_Your task_: Could the listing below be reproduced exactly, minus its pictures?

_Information provided_:
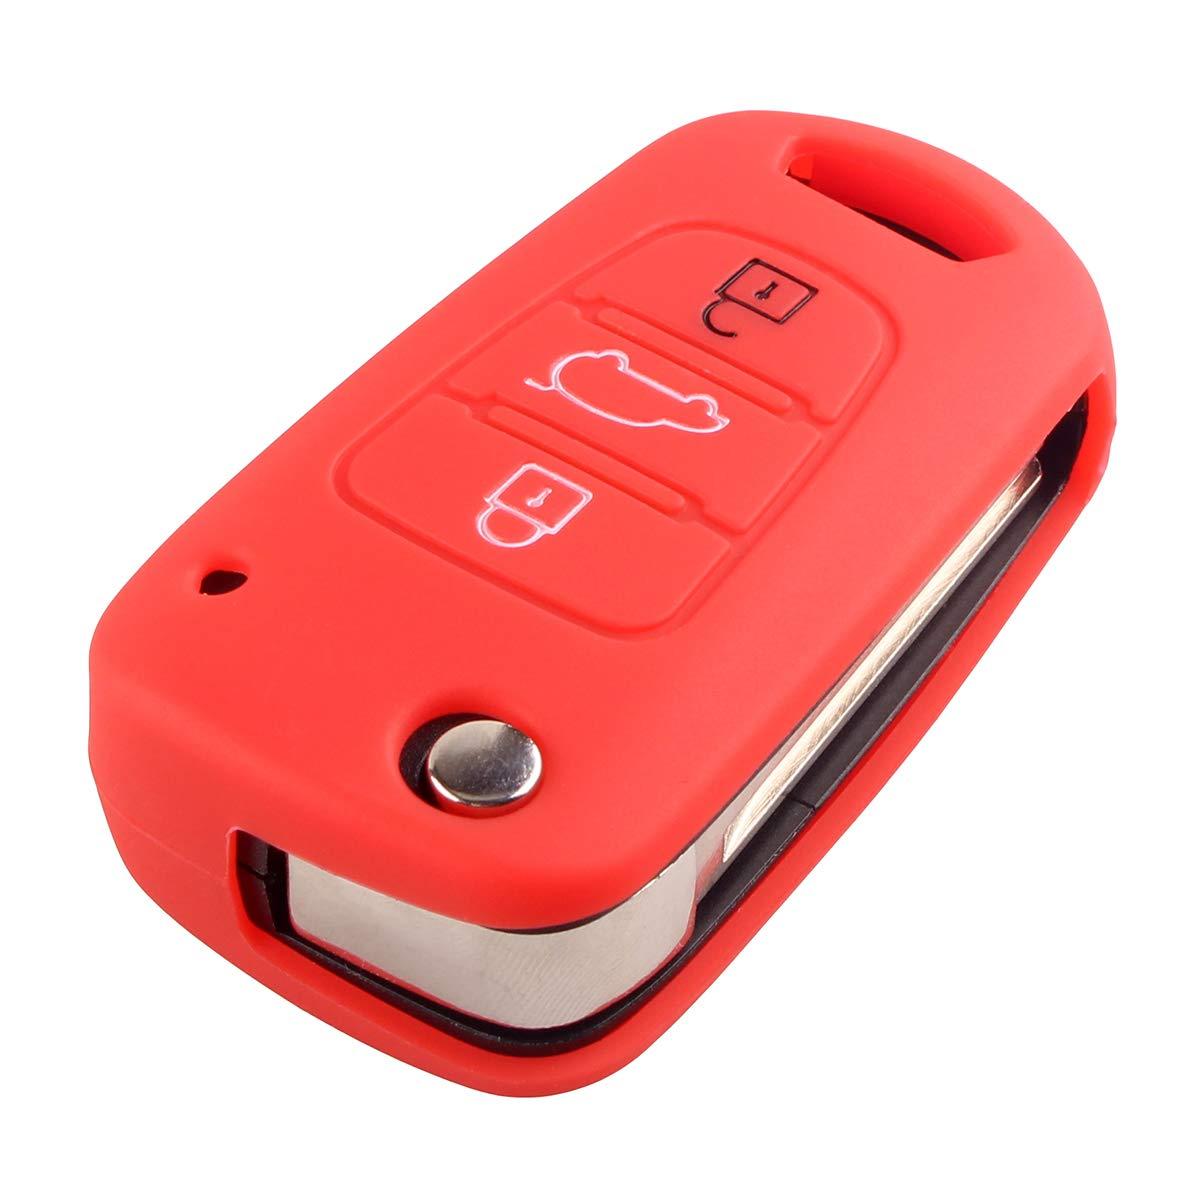 da attaccare al taschino per Hyundai i20 i30 IX20 IX35 Elantra Accent Chiave a 3 tasti-Flip Cover custodia protettiva in Silicone
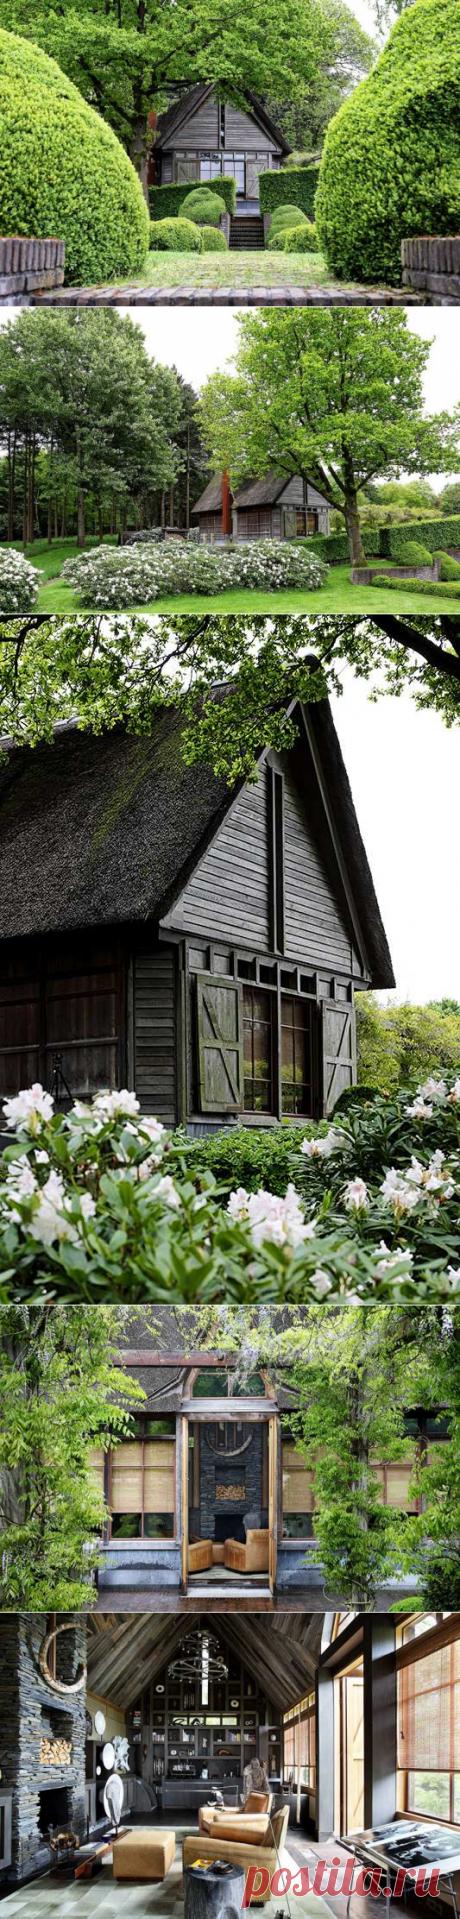 〚 Деревянная избушка в Нидерландах 〛 ◾ Фото ◾Идеи◾ Дизайн
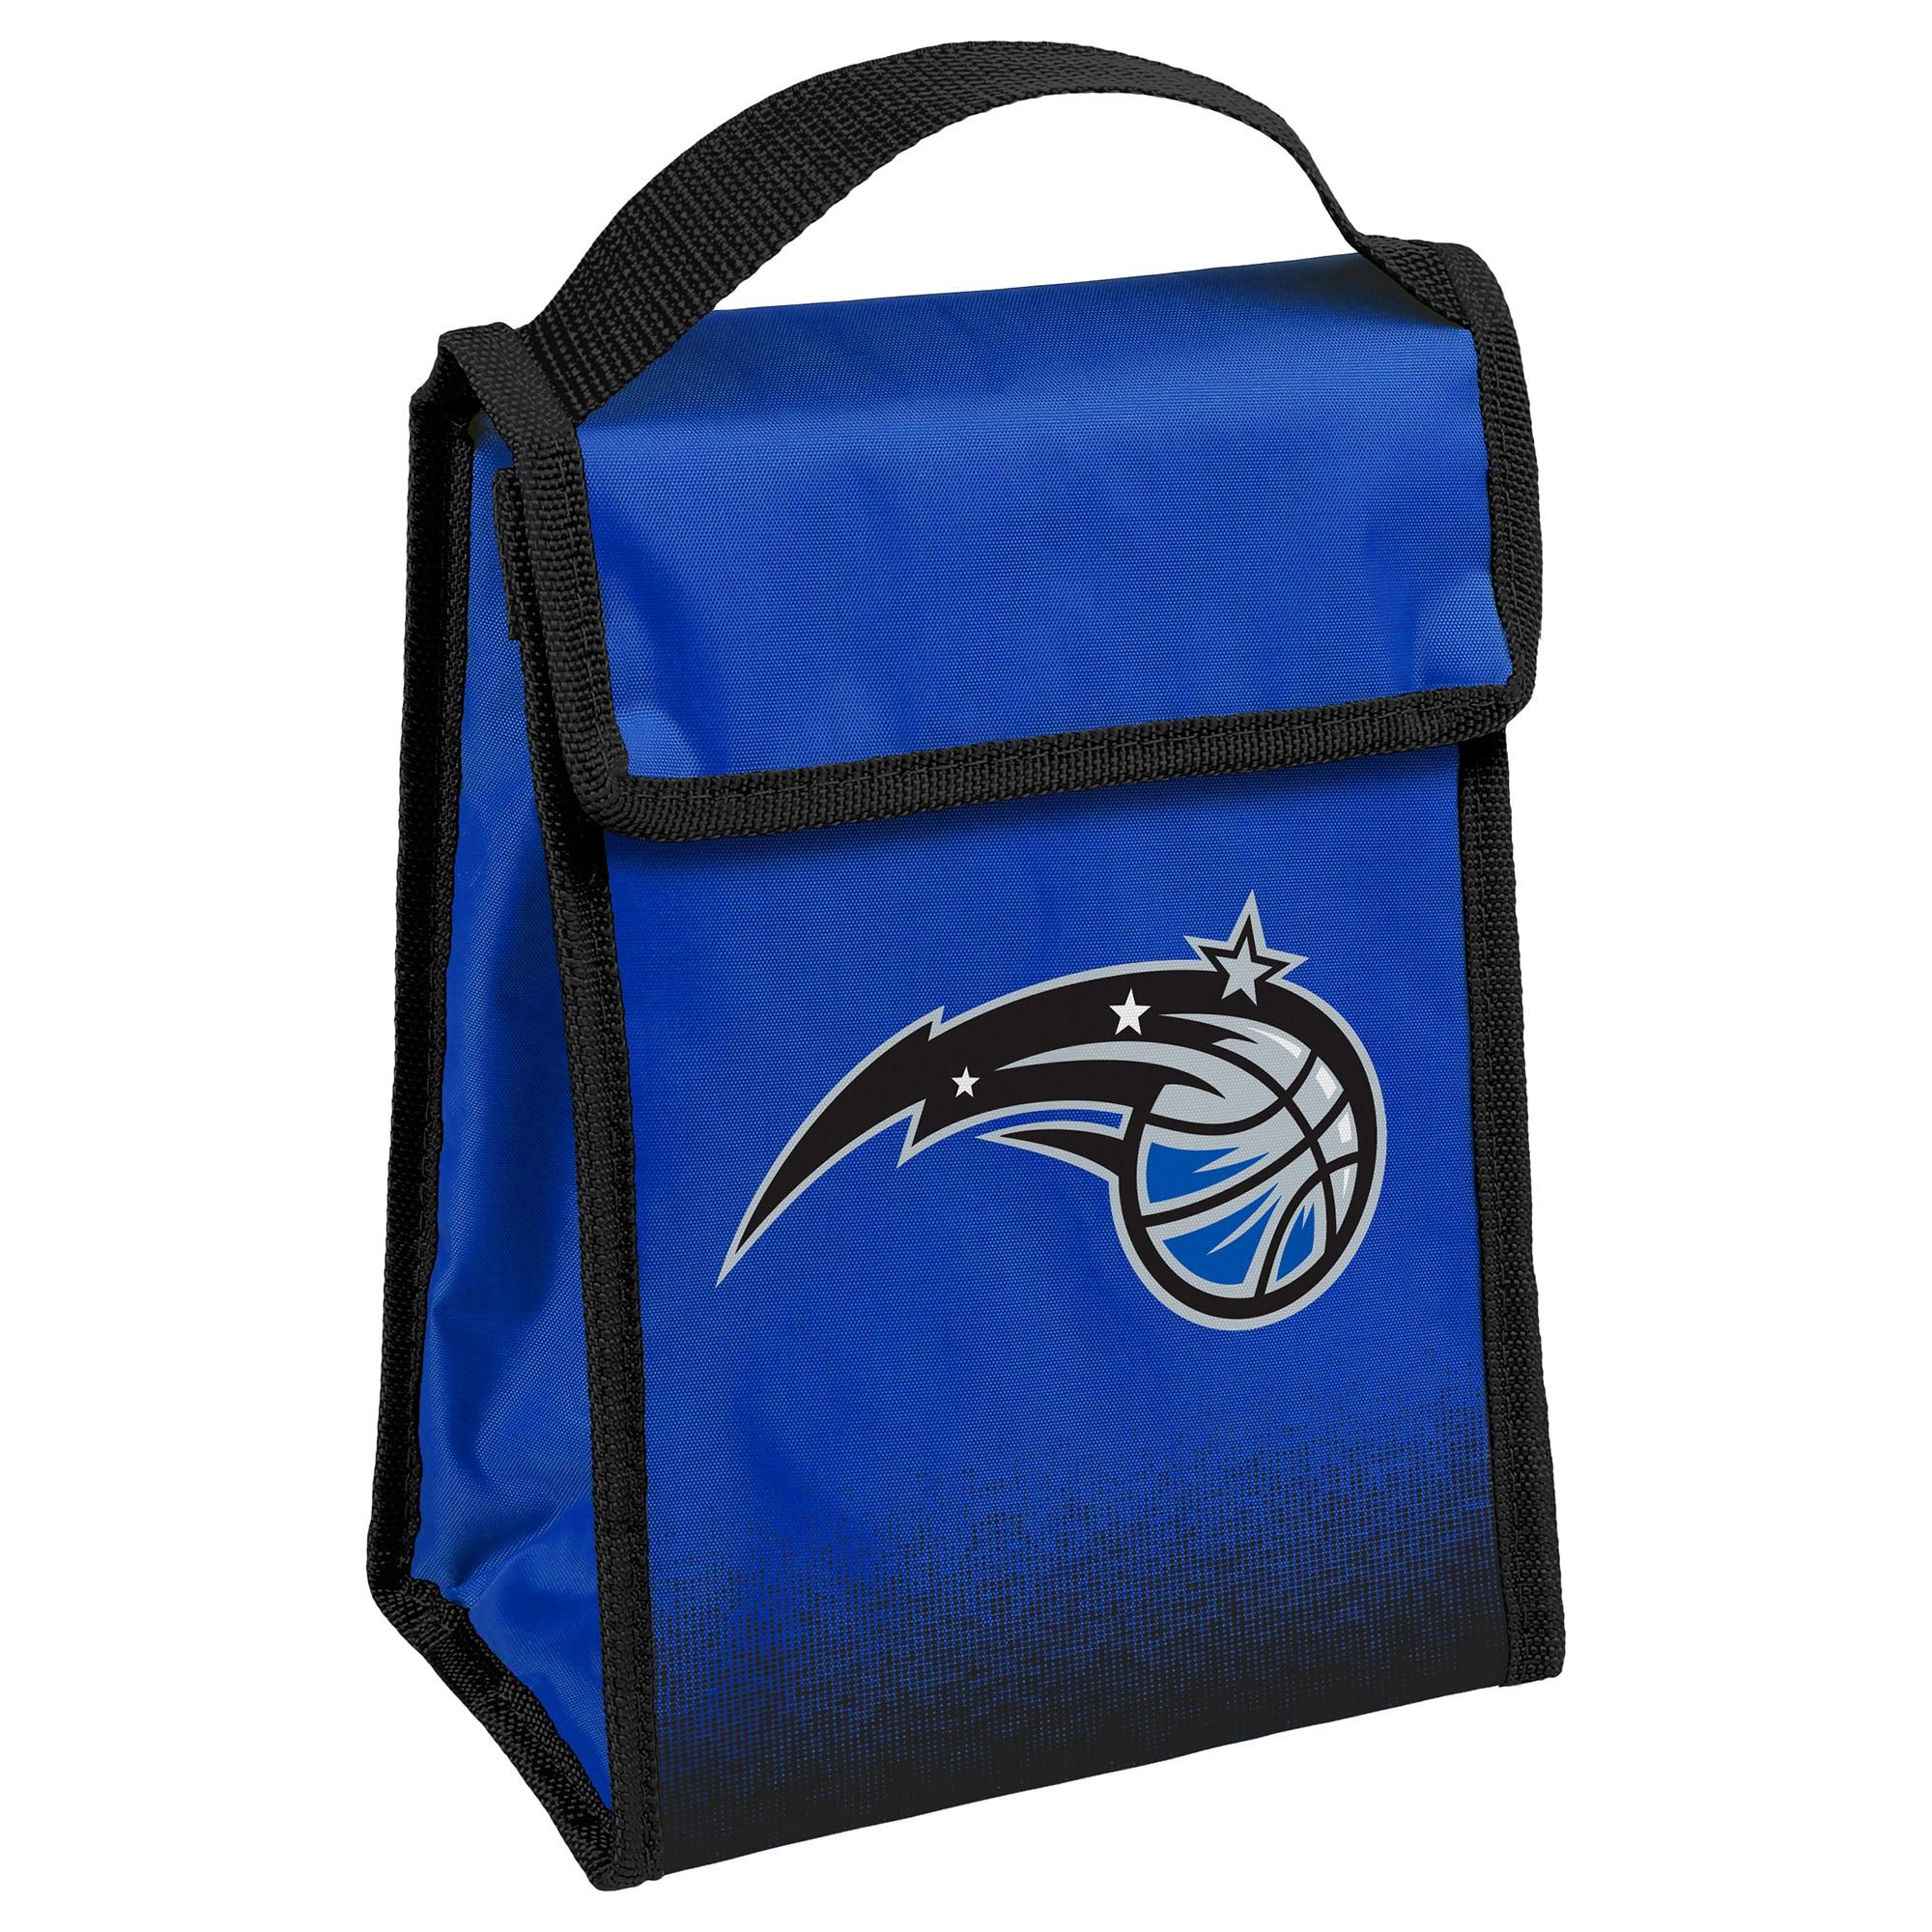 Orlando Magic Gradient Lunch Bag

_Answer for the task_:
 da attaccare al taschino per Hyundai i20 i30 IX20 IX35 Elantra Accent Chiave a 3 tasti-Flip Cover custodia protettiva in Silicone
 〚 Деревянная избушка в Нидерландах 〛 ◾ Фото ◾Идеи◾ Дизайн
 Orlando Magic Gradient Lunch Bag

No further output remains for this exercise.